_What to produce_: Each line from the one containing "Men's Black Iron" through the last line of the data below should be printed exactly, please, with any pictures omitted.

_Collected data_:
┄┄┄┄┄┄┄┄┄┄┄┄┄┄┄┄┄┄┄┄

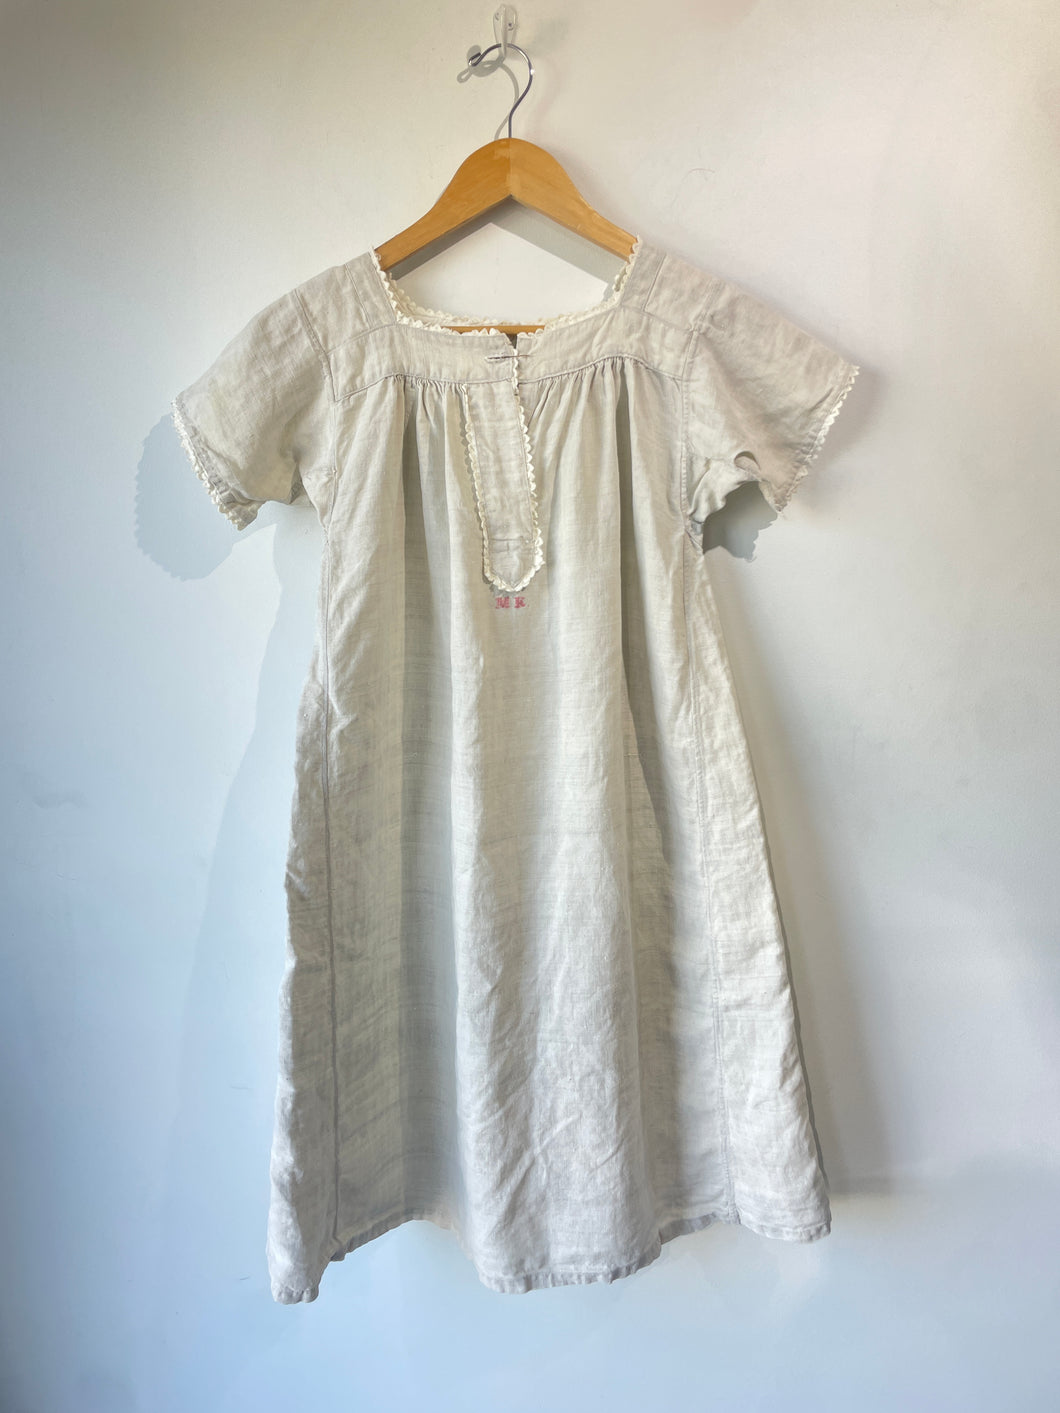 Antique Victorian Nightgown Dress M.K. Initials
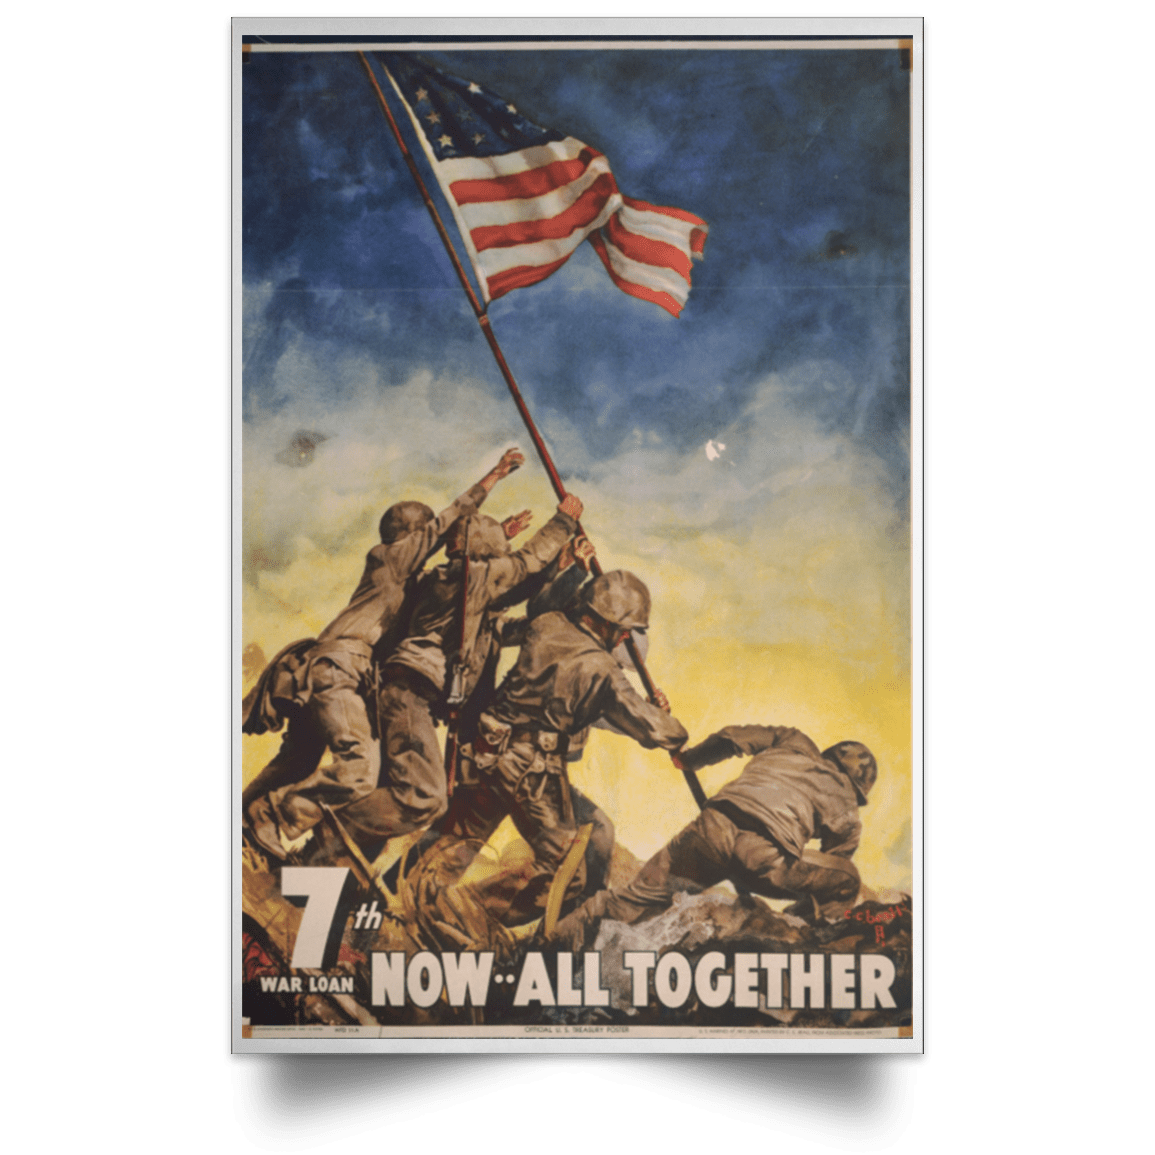 7th War Loan, Now… All Together – Vintage War Military Portrait Poster
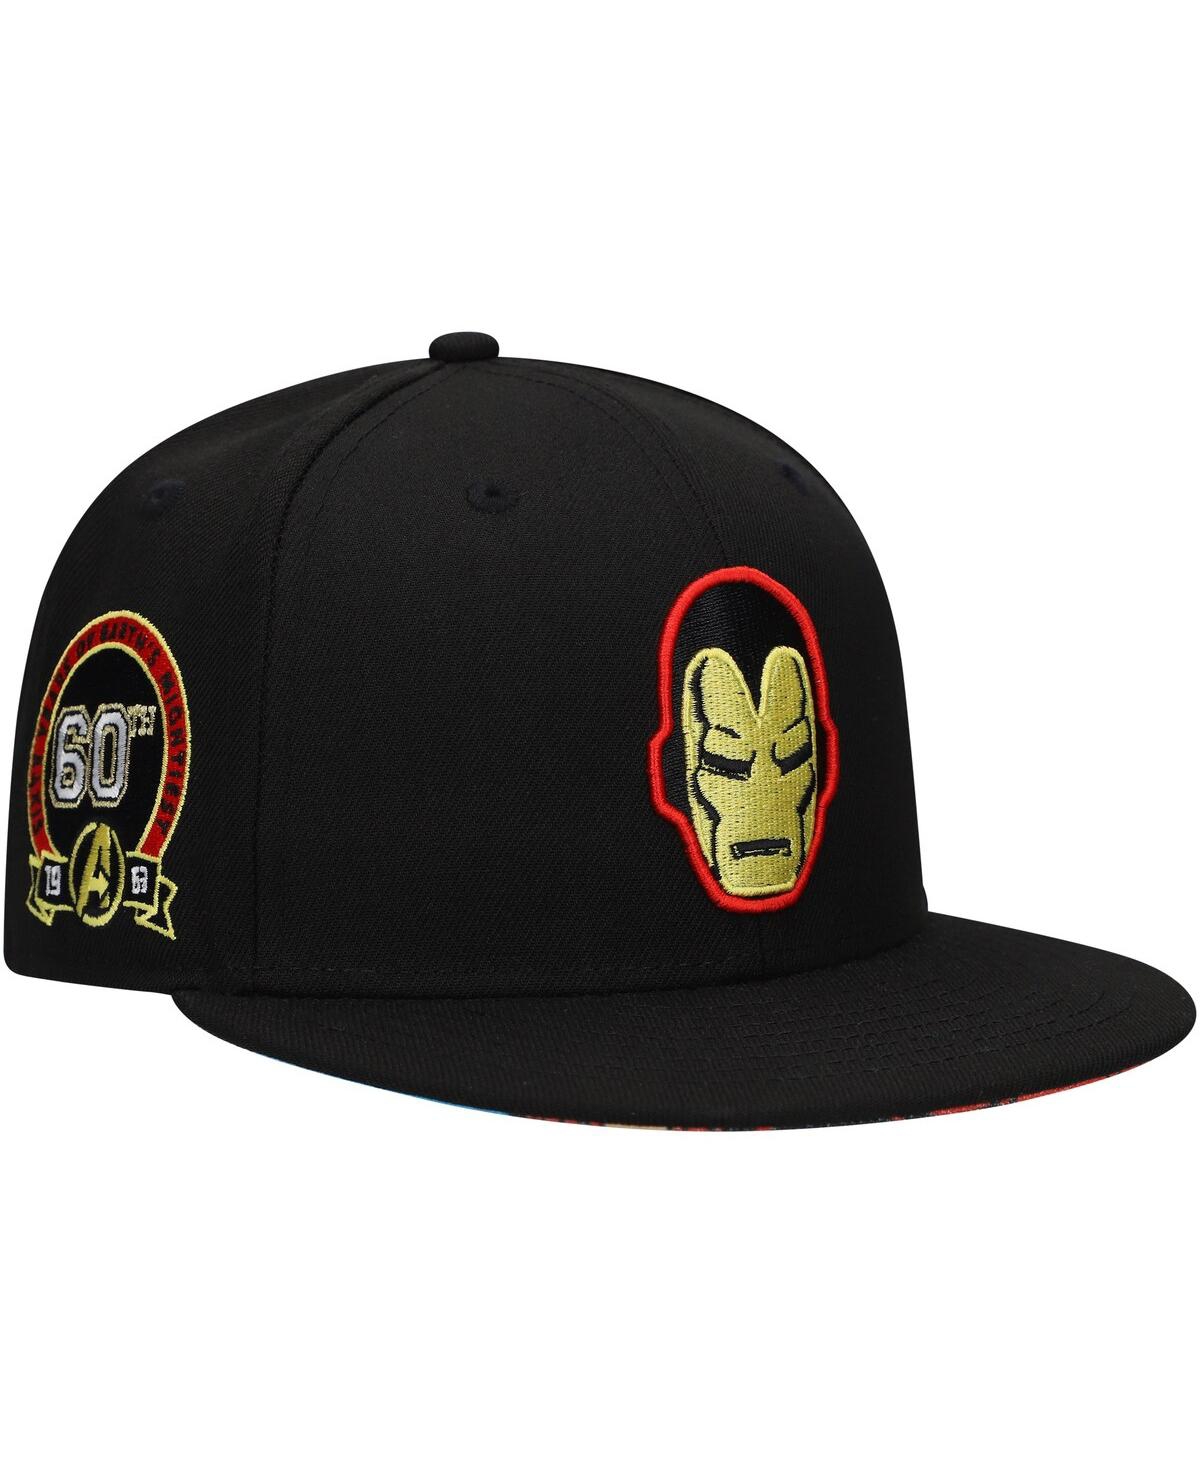 Men's Black Iron Man Marvel 60th Anniversary Snapback Hat - Black
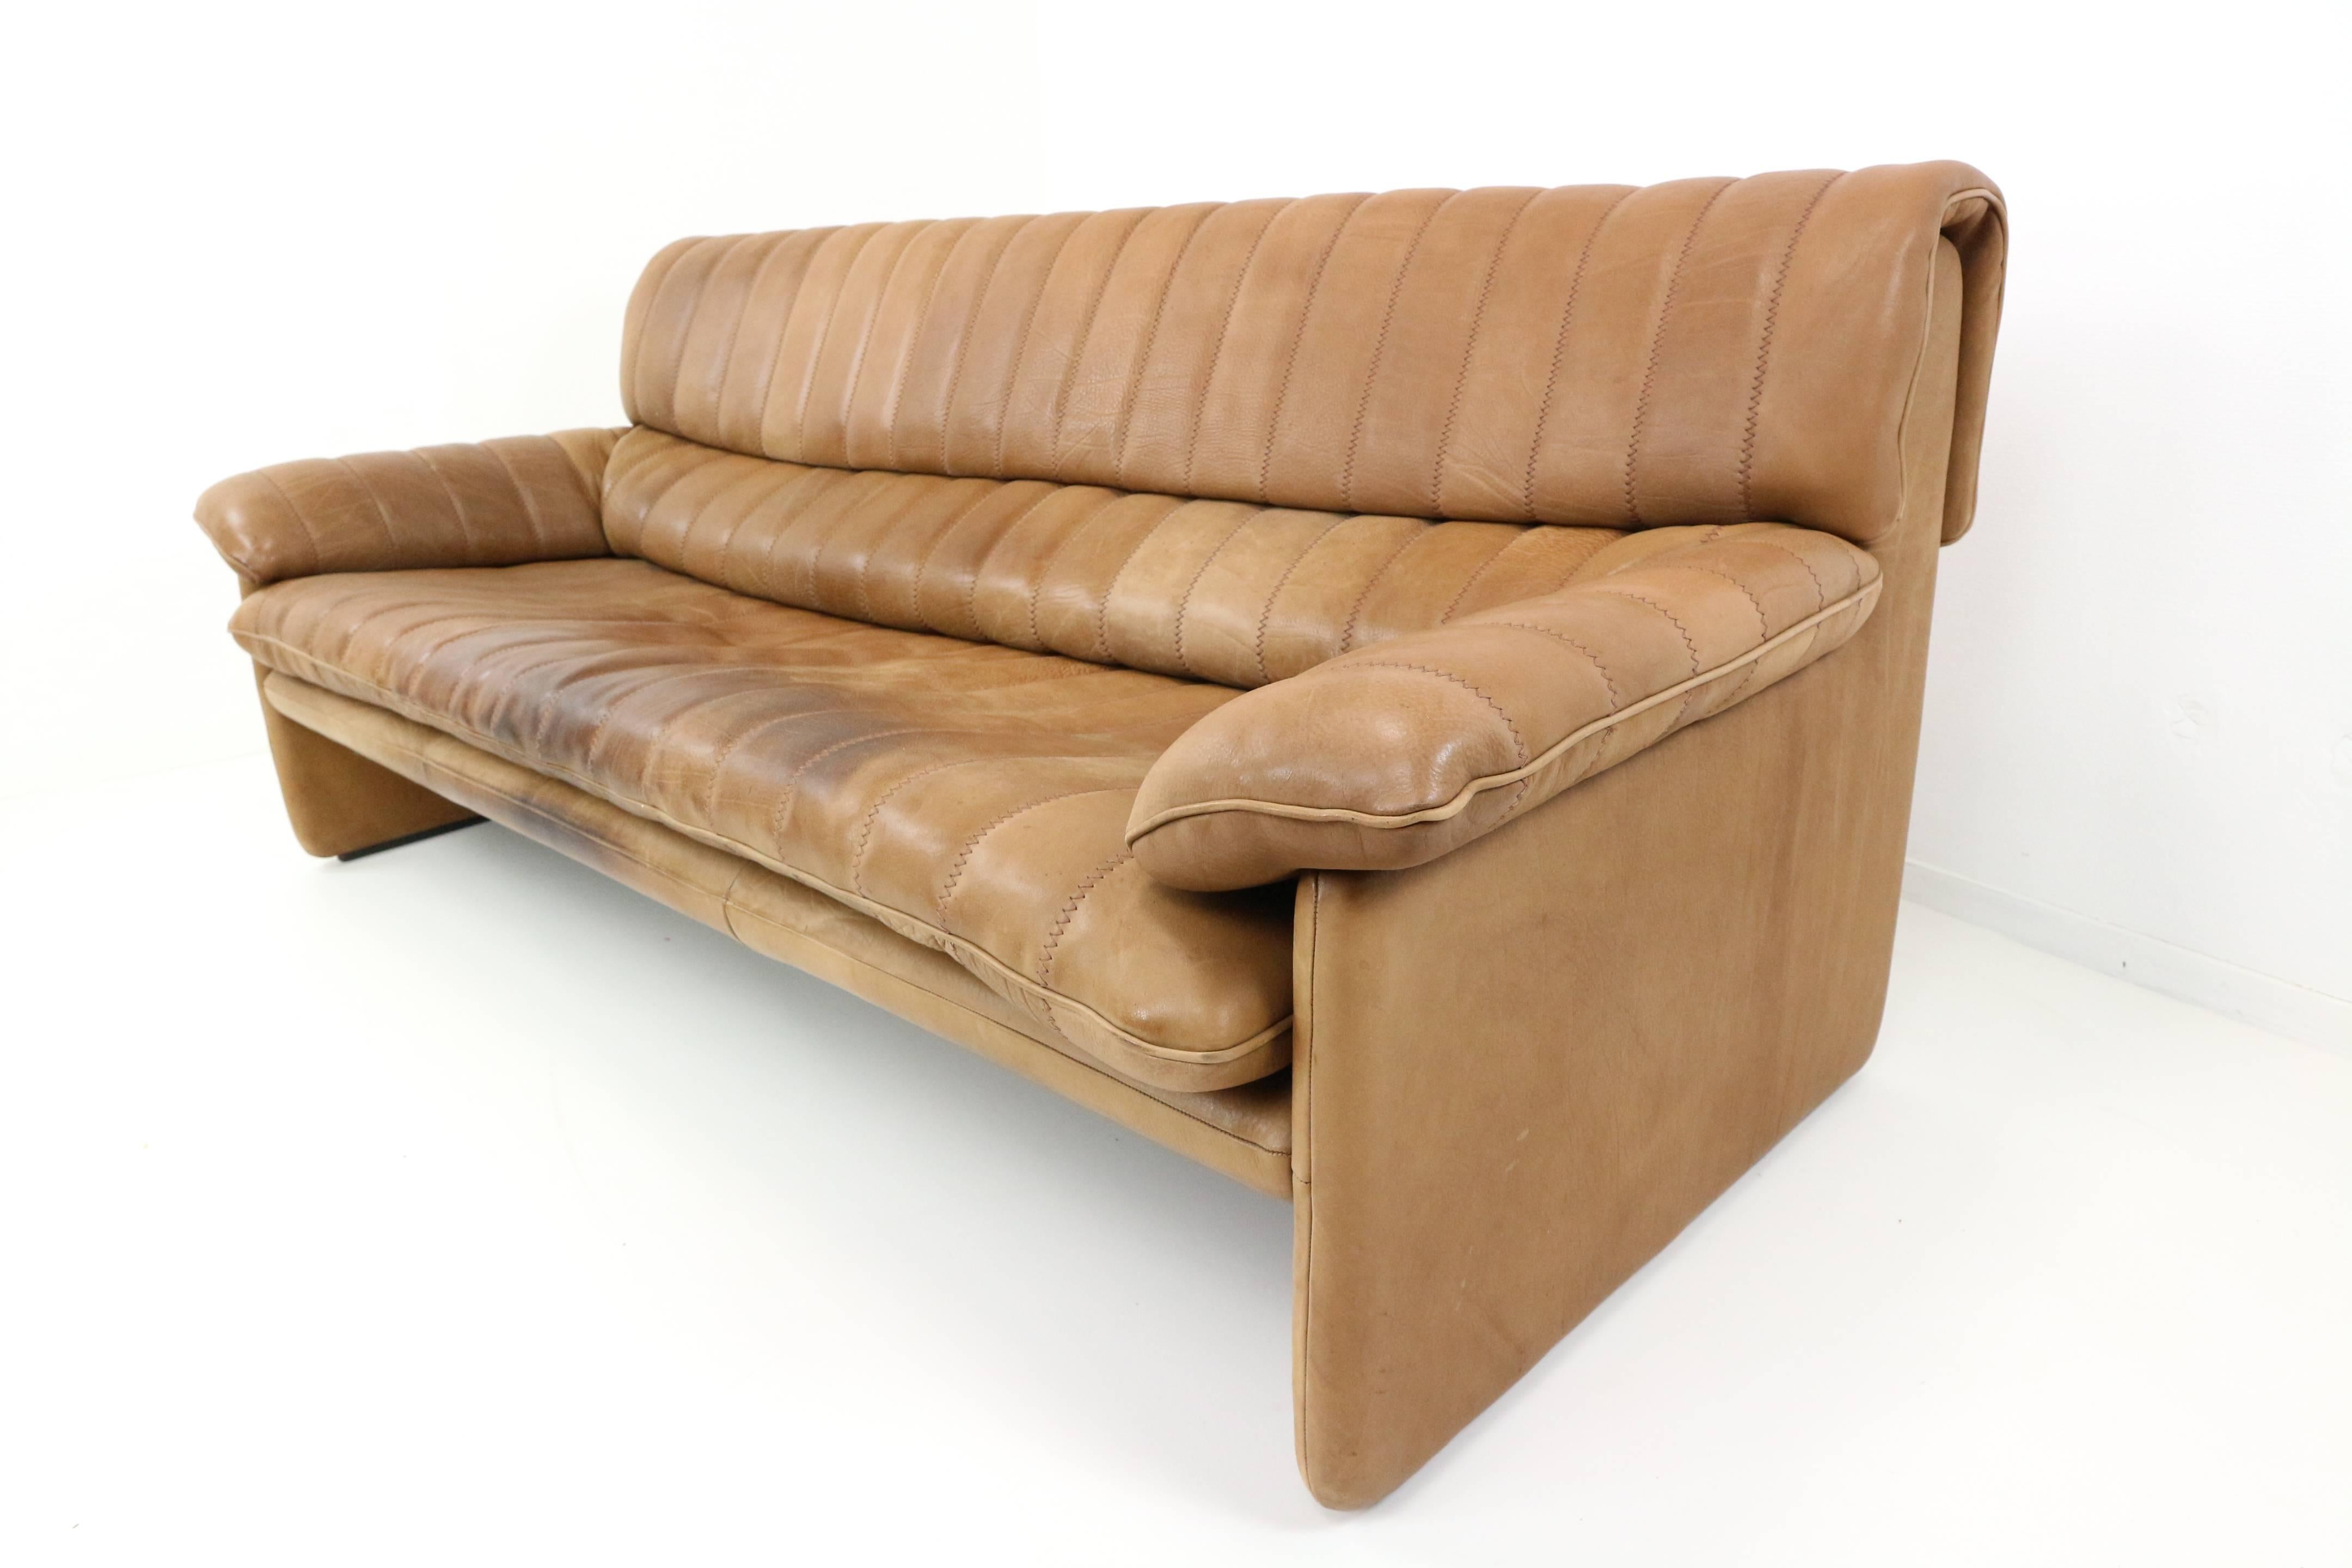 20th Century De Sede Ds-85 Leather Three-Seat, 1970s

┄┄┄┄┄┄┄┄┄┄┄┄┄┄┄┄┄┄┄┄

_The answer_:
 Men's Black Iron Man Marvel 60th Anniversary Snapback Hat - Black
 20th Century De Sede Ds-85 Leather Three-Seat, 1970s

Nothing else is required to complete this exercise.